DATA -
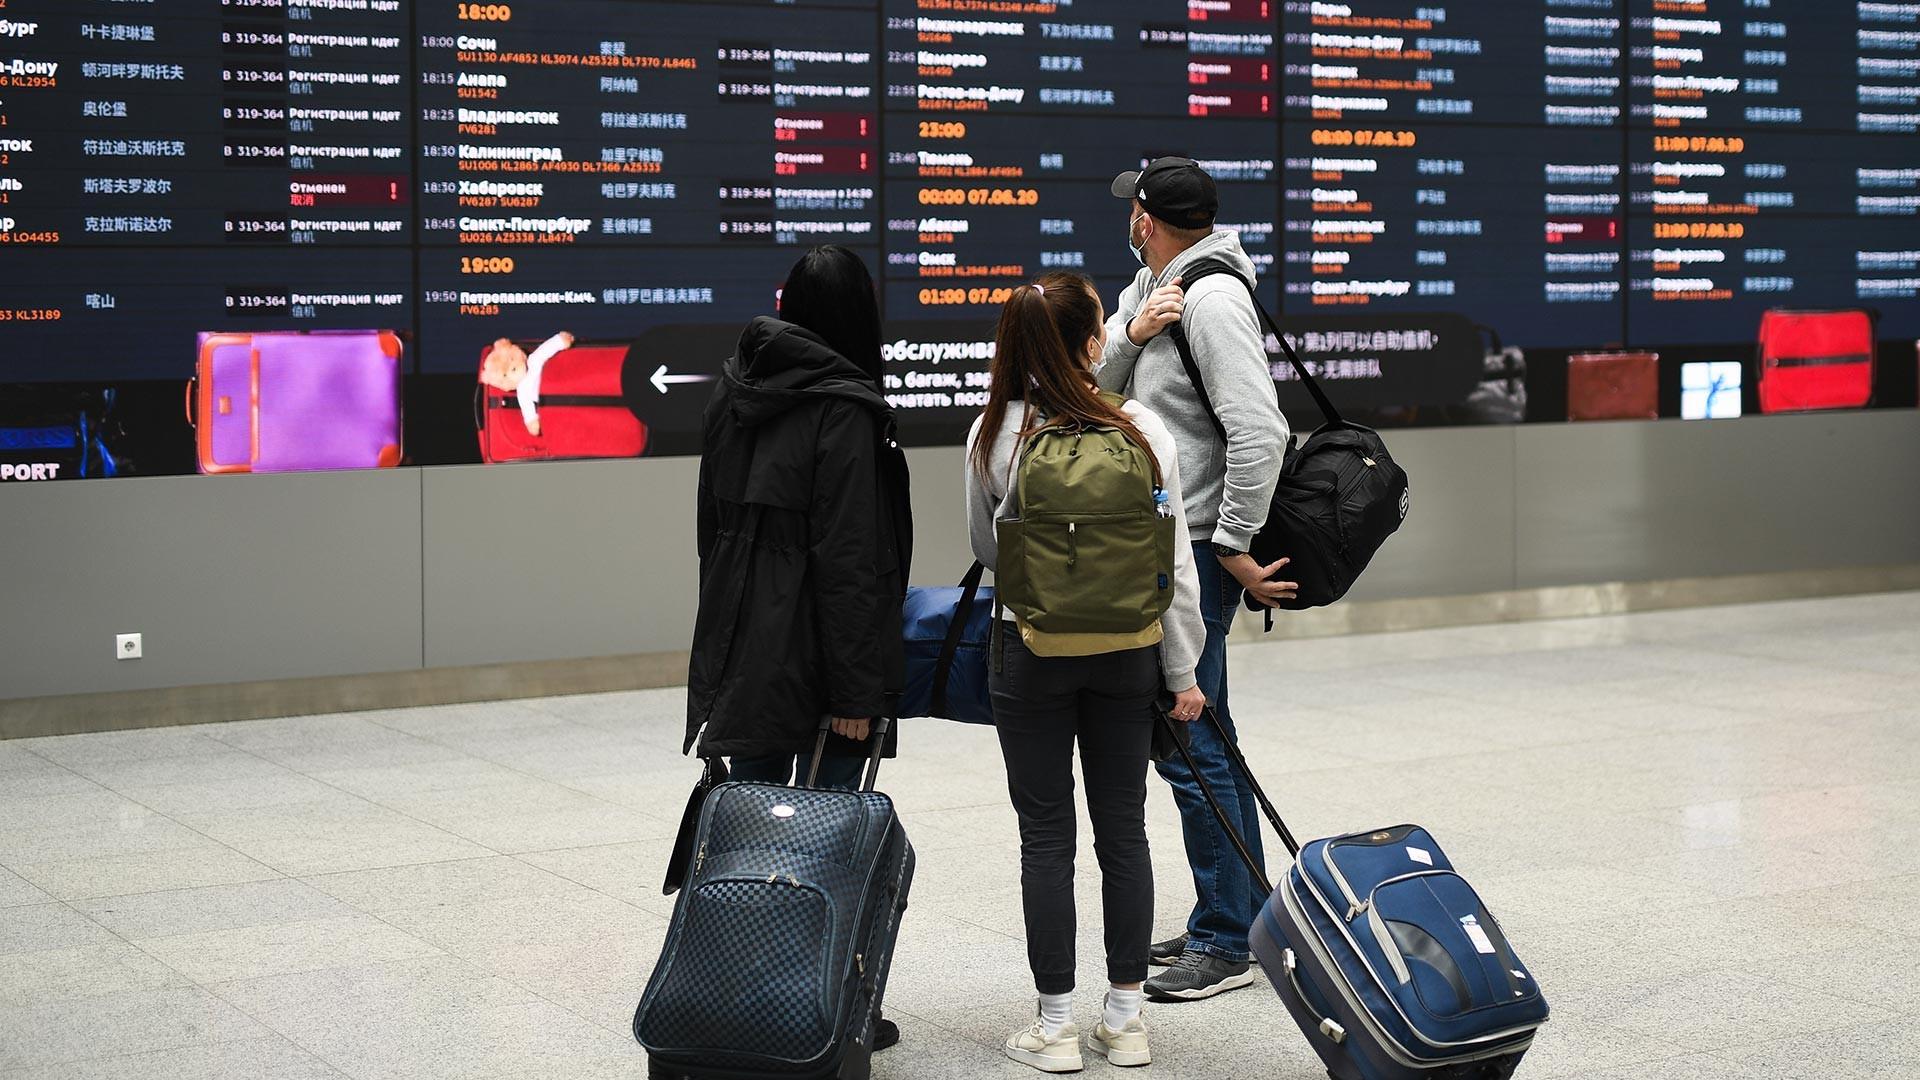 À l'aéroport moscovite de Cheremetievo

---

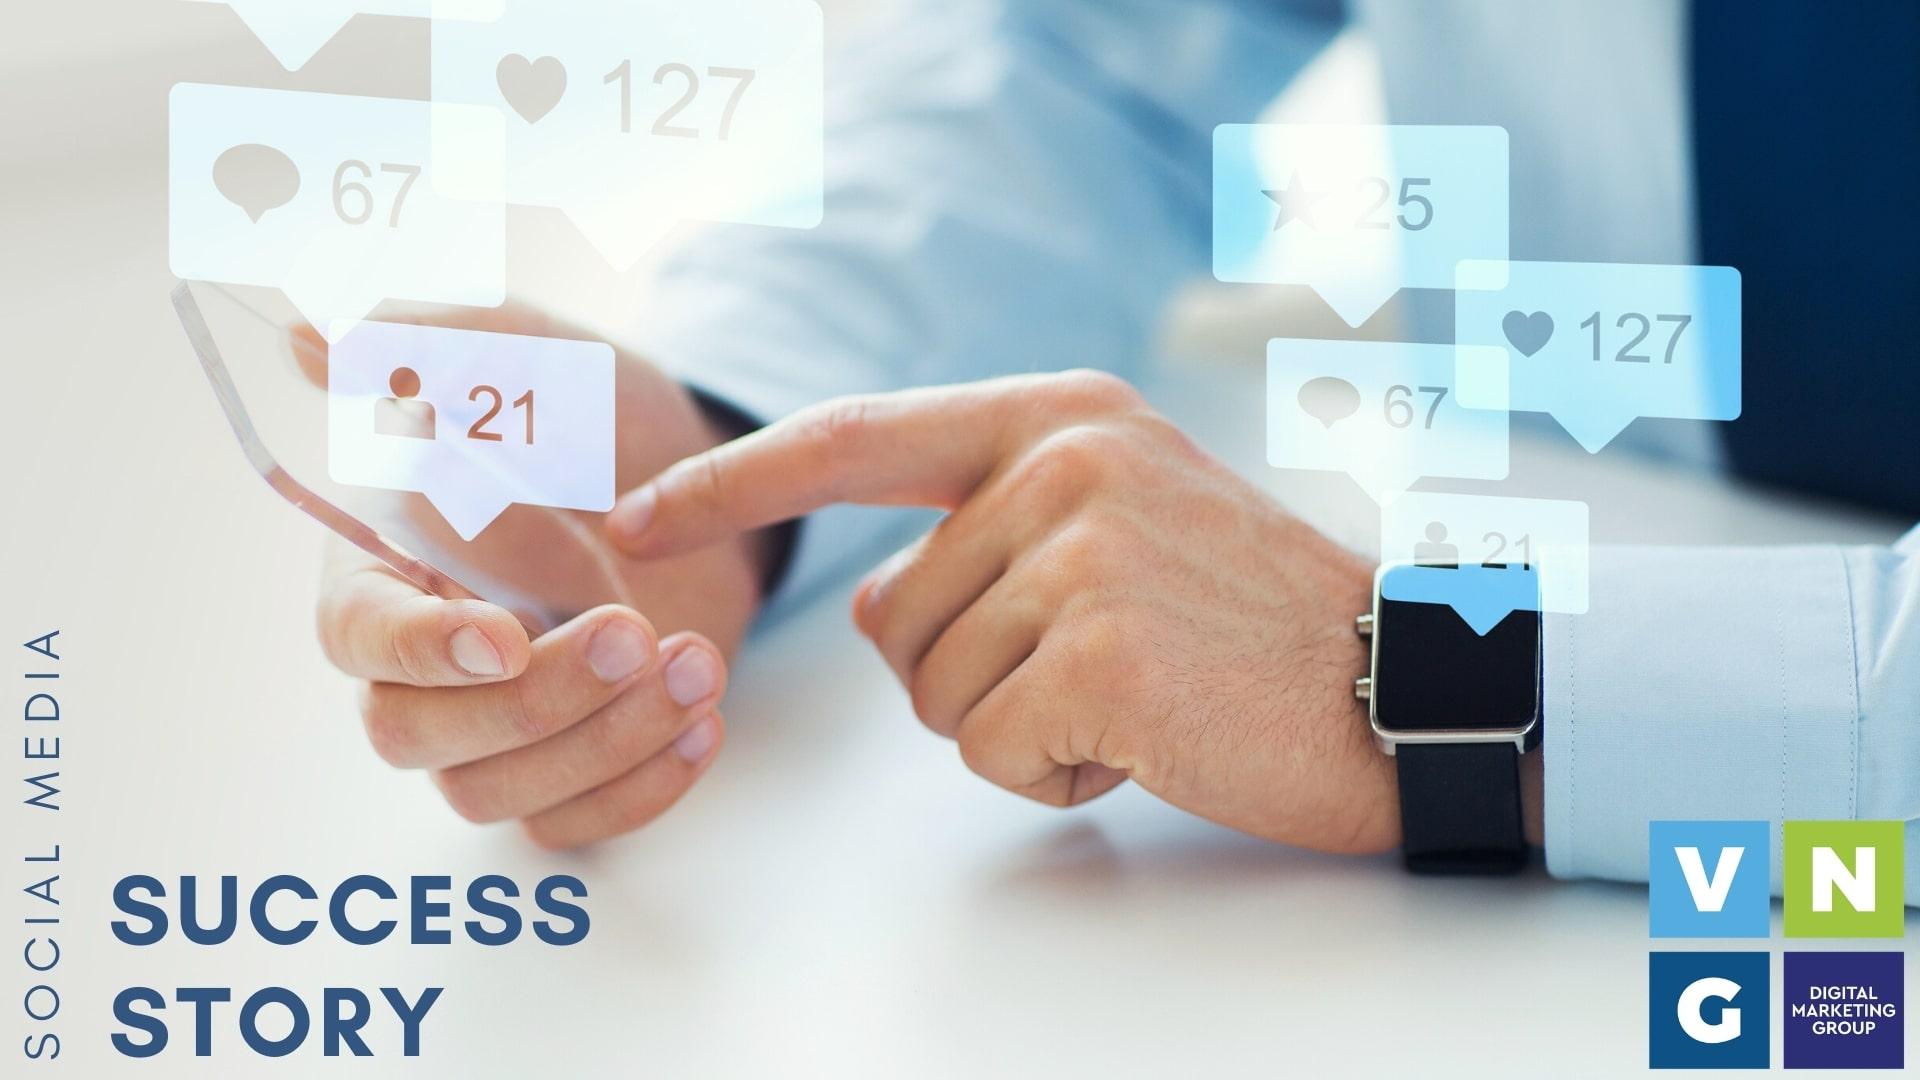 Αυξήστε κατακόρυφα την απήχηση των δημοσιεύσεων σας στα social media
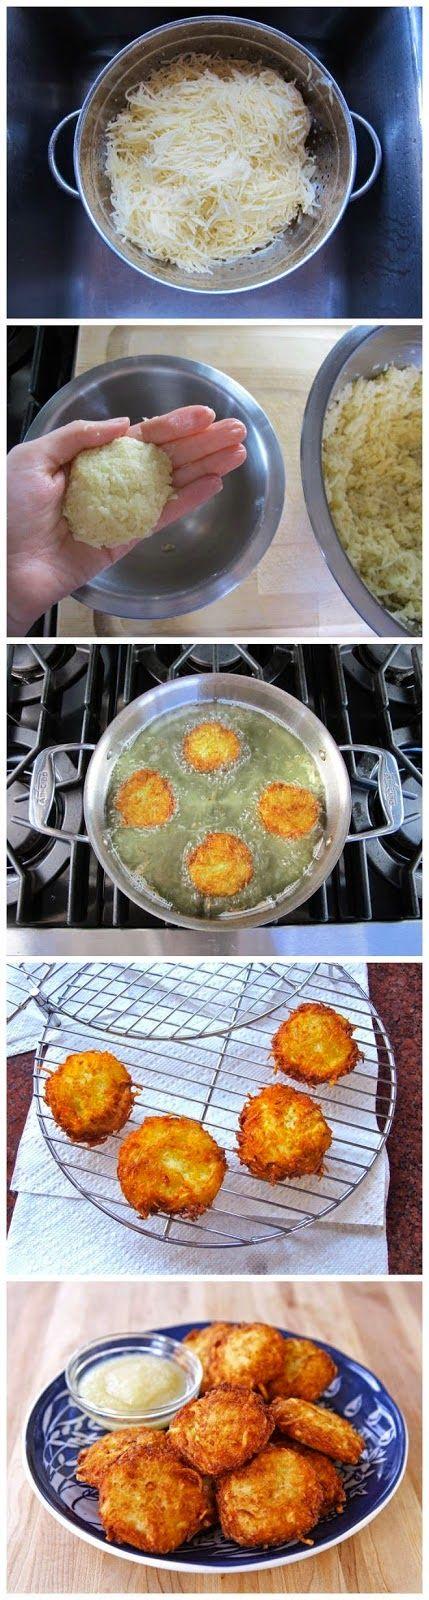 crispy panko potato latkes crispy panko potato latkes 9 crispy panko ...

WHAT YOU NEED TO DO - Take the lines above starting at the one containing "Αυξήστε κατακόρυφα την" and ending at the one containing "crispy panko potato latkes crispy", and print them again exactly, without pictures.

OUTPUT -
 Αυξήστε κατακόρυφα την απήχηση των δημοσιεύσεων σας στα social media
 crispy panko potato latkes crispy panko potato latkes 9 crispy panko ...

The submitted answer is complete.